PZM21 was administered to mice at doses of 20, 40, or 80 mg·kg−1, depending on the experimental schedule. For intrathecal drug delivery, PZM21 was administered at doses of 2.5, 5, and 7.5 μg, and for intravenous drug self‐administration, PZM21 was used at doses of 0.05 and 0.5 mg·kg−1 (per infusion). Morphine (Pharma Cosmetic, Poland; 5, 10, and 20 mg·kg−1) or https://www.guidetopharmacology.org/GRAC/LigandDisplayForward?ligandId=7093 (Mundipharma, Poland; 0.06 mg·kg−1 [per infusion]) was used as positive control treatments. As a negative control, physiological saline was used. Cyprodime (Tocris, USA; 10 mg·kg−1) and naloxone (Merck, Poland; 4 mg·kg−1) were used as a selective μ‐receptor antagonist and non‐selective opioid antagonist, respectively. All the drugs were dissolved in saline and administered intraperitoneally in a volume of 10 ml·kg−1, intrathecally in a volume of 5 μl per administration or intravenously in a volume of 0.0125 ml per infusion. Drugs used for anaesthesia (ketamine [7.5 mg·kg−1 in mice and 100 mg·kg−1 in rats], xylazine [1 mg·kg−1 in mice and 10 mg·kg−1 in rats], and pentobarbital [60 mg·kg−1 in rats]) were supplied by Biowet‐Pulawy (Poland). The chemicals used for HPLC were purchased from Merck (Poland).

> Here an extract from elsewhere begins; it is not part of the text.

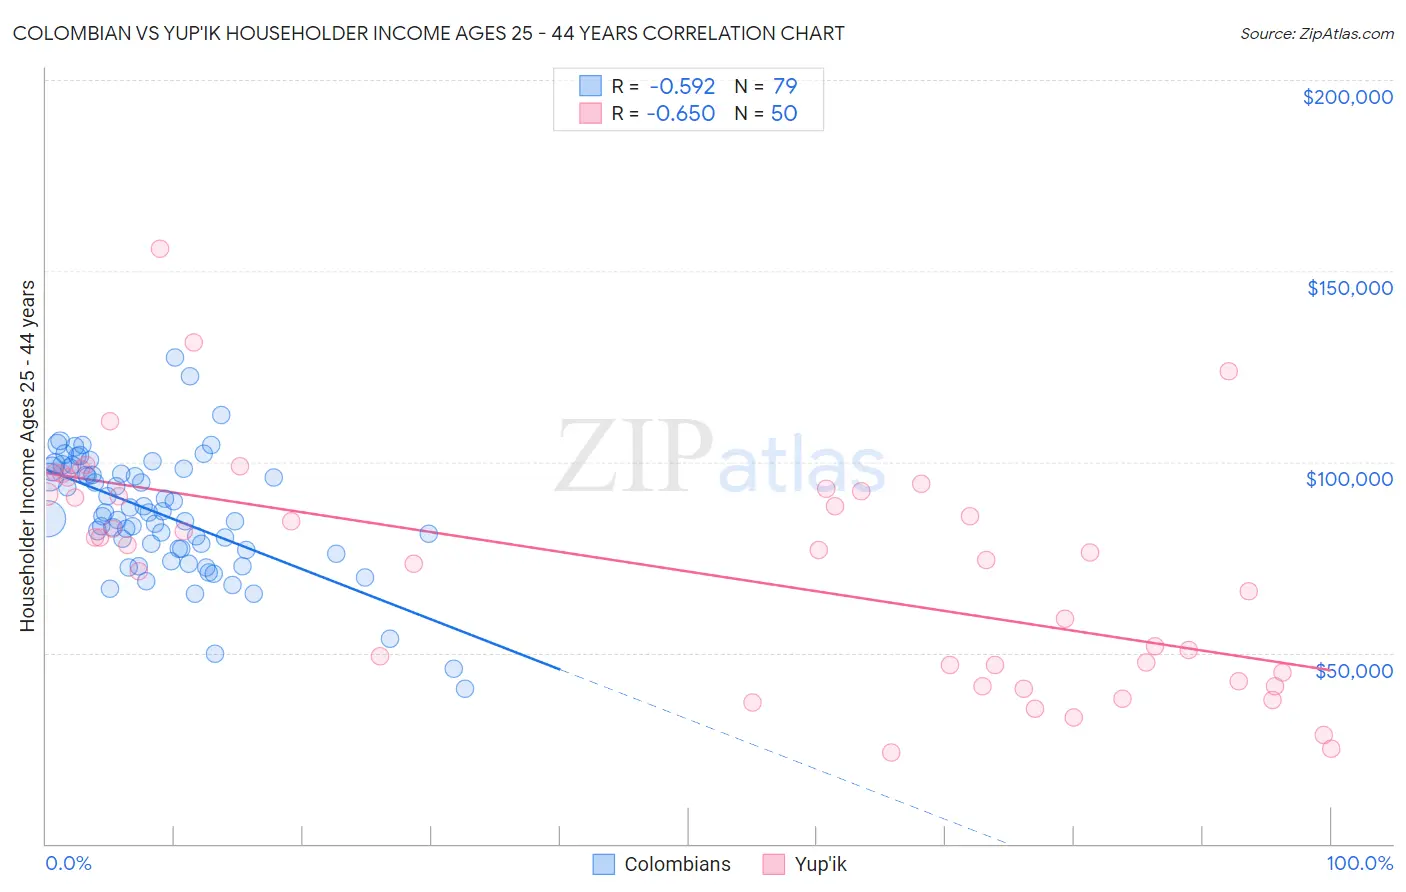 Colombian vs Yup'ik Householder Income Ages 25 - 44 years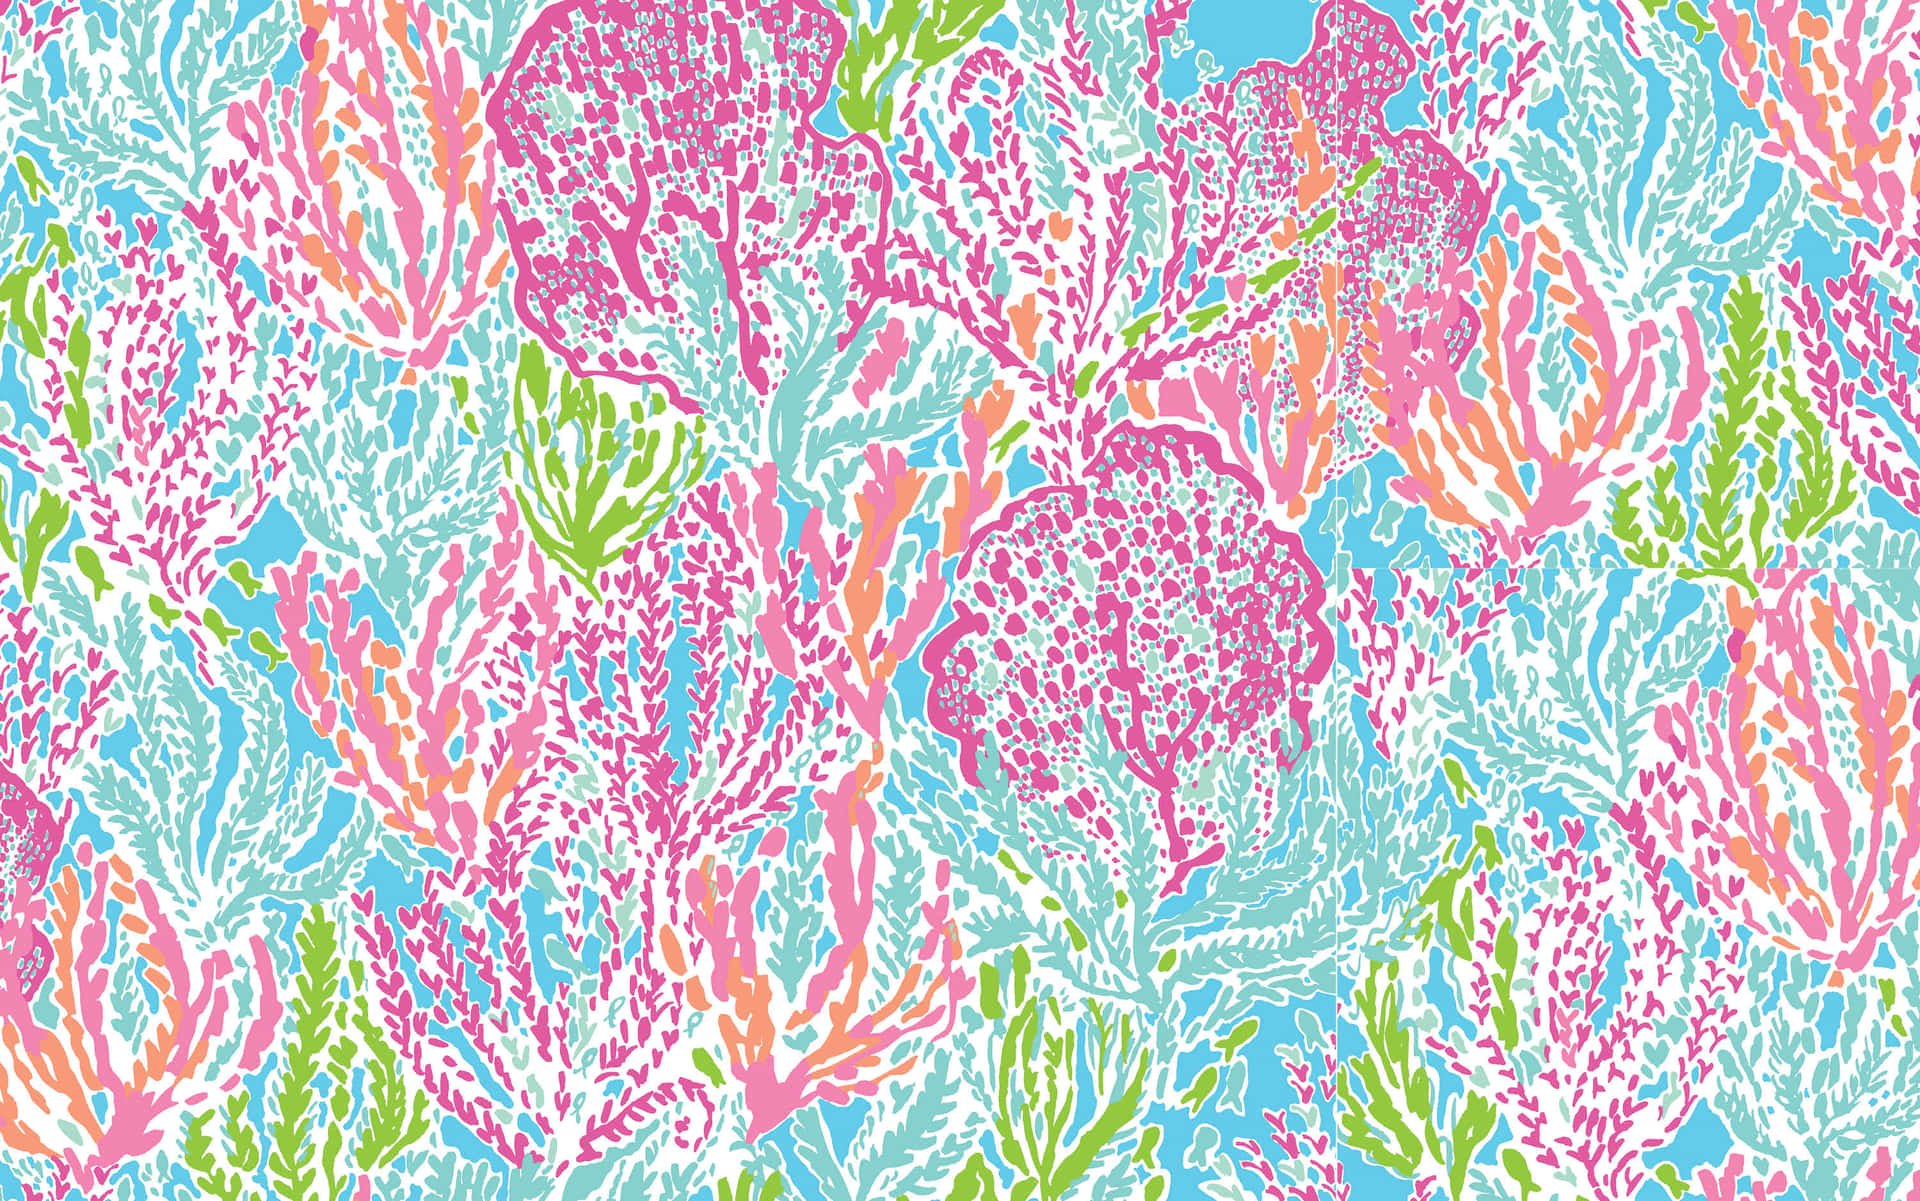 100+] Lilly Pulitzer Backgrounds

2.14. Nomenclature of targets and ligands
Key protein targets and ligands in this article are hyperlinked to corresponding entries in http://www.guidetopharmacology.org, the common portal for data from the IUPHAR/BPS Guide to PHARMACOLOGY (Harding et al., 2018) and are permanently archived in the Concise Guide to PHARMACOLOGY 2017/18 (Alexander et al., 2017).
3. RESULTS
3.1. Antinociceptive effects of PZM21
Antinociceptive efficacy of PZM21 was assessed using two thermal antinociceptive tests: tail flick (mice and rats) and hot plate (mice). Administration of 10 mg·kg−1 morphine (i.p.), used as a positive control, resulted in antinociception (Figure 1a). Treatment with PZM21 (intraperitoneal) exerted an antinociceptive effect in the tail flick test at all of the tested doses: 20, 40, and 80 mg·kg−1 (Figure 1b), compared to saline. PZM21‐induced antinociception was dose‐dependent and lasted up to 8 hr. Pretreatment with a selective μ receptor antagonist, cyprodime (10 mg·kg−1, i.p.), prevented the antinociception induced by 40 mg·kg−1 PZM21 in the tail flick test (Figure 1c). In the hot plate test, we have distinguished two types of reaction: paw flinching and licking of the paw or jumping. The obtained data indicate that only morphine (10 mg·kg−1) induced a significant effect on the paw flinching reflex when compared to saline. PZM21 did not affect this reaction at any of the tested doses. At the same time, both PZM21 (at a dose of 80 mg·kg−1) and morphine (10 mg·kg−1) increased the latency to the second type of reaction (paw licking/jumping) in the hot plate test (Figure 1d). Pretreatment with cyprodime attenuated the effects induced by 40 mg·kg−1 PZM21 in hot plate test, for two types of reactions (Figure 1e). Therefore, we demonstrated that antinociceptive effects of PZM21 are mediated by μ‐receptors. What is more, intrathecal administration of PZM21 (2.5, 5, and 7.5 μg) caused dose‐dependent antinociception in tail flick test in rats (Figure 1f), which shows that this compound is effective for the reflexive, spinally mediated component of pain reaction.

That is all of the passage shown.